ENTRE NACIONALISMOS E INTEGRACION TRASNACIONACIONAL

Umberto Romagnoli
(Torino, 01. 09. 2003)

Come eravamo.

Sarà una fissazione, ma non mi stanco di ripetere che i giuristi del lavoro
contemporanei hanno incominciato a “frequentare il futuro” – per usare
l’espressione che, sostiene Antonio Tabucchi, a Pereira “non sarebbe mai
venuta in mente”, però gli piacque moltissimo – senza percepire neanche
l’opportunità di dissotterrare le loro radici culturali. Non mi sorprende
perciò che l’infatuazione per il nuovo che avanza coesista con la
glorificazione dell’esistente. Piuttosto, mi sorprende che non sia stata
ancora rimossa la causa della sconcertante divaricazione.
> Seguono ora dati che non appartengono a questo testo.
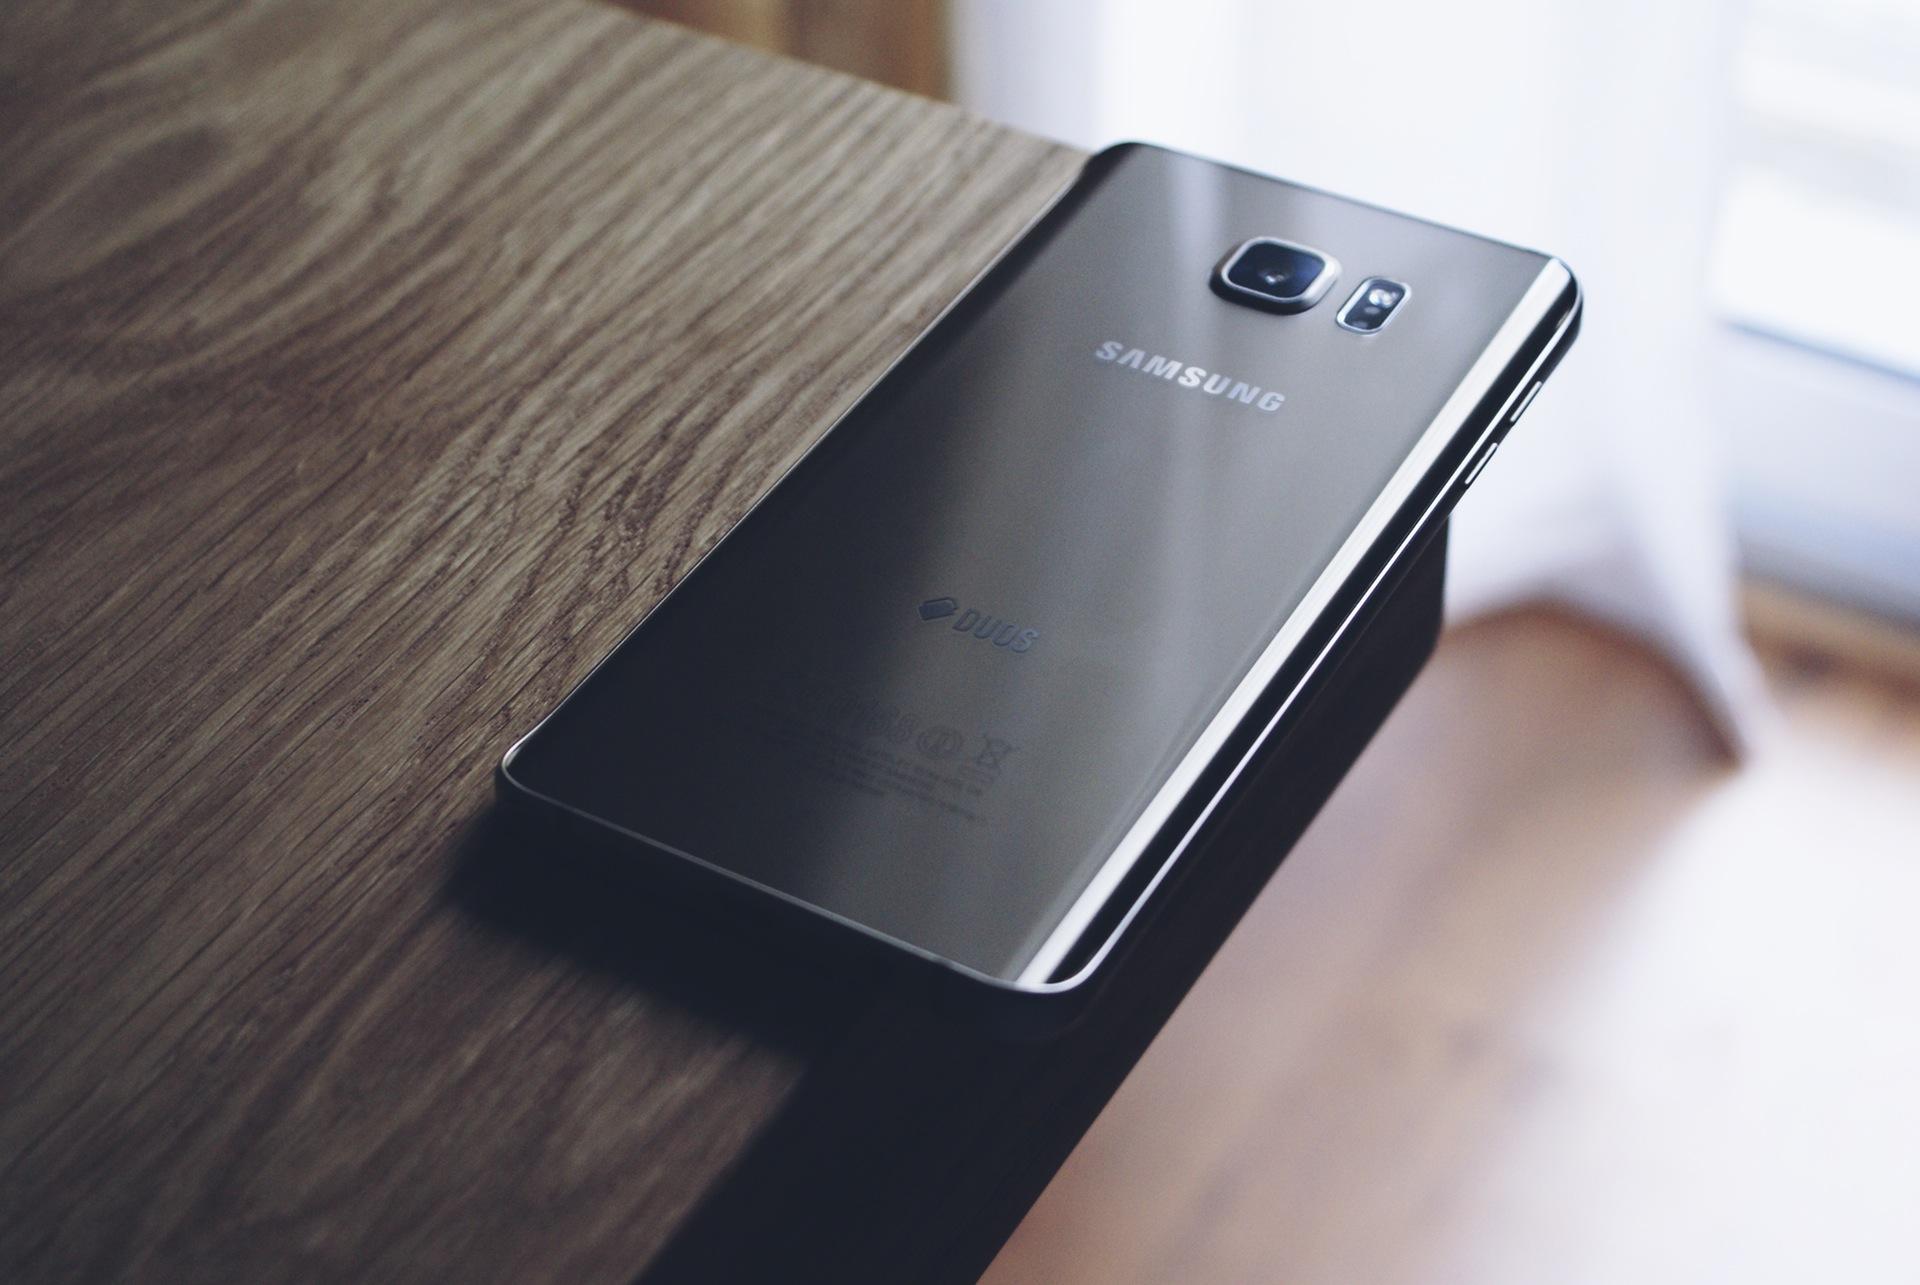 Telenowela Samsunga zamienia się w horror. Prokuratura w biurach firmy Samsung pexels photo 214487

Essa infatti
dipende dalla perdurante scarsità di analisi meno emotive e più
approfondite, consapevoli dell’attualità, ma attente ad una storia ricostruita
in modo non compiacente né polemico.
A mio avviso, il dato di partenza è che, senza volerlo né saperlo, siamo
usciti dal Novecento come i nostri antenati vi entrarono: a casaccio.
Infatti, su occasionali e impreparati interpreti le prime regole del lavoro
salariato dovevano produrre il medesimo effetto – tra l’inquietante e il
divertente – che oggi producono sui turisti di Barcellona le costruzioni di
Antoni Gaudí, l’architetto catalano che progettava con fantasia fanciullesca
case dove non esistono scale o nemmeno una linea retta, perché tutto –
muri porte finestre pareti – segue un movimento ondulatorio.
Vi sono, però, almeno due ragioni che sconsigliano di ridicolizzare o
colpevolizzare i nostri progenitori.
La prima è che anche noi corriamo il rischio di ricevere tra cinquanta o
cento anni analogo trattamento dai nostri nipotini; per questo, sarebbe
prudente mostrarci generosi: così facendo, implicitamente li esorteremmo
all’indulgenza.

La seconda ragione, ovviamente più seria, è che nemmeno la storiografia
ha focalizzato con la precisione desiderabile il contributo recato dal diritto
del lavoro del Novecento alla “quadratura del cerchio”, come Ralf
Dahrendorf compendiosamente definisce la stabilizzazione di un equilibrio
accettabile tra le esigenze fondamentali delle società capitalistiche evolute:
benessere economico, coesione sociale, democrazia politica.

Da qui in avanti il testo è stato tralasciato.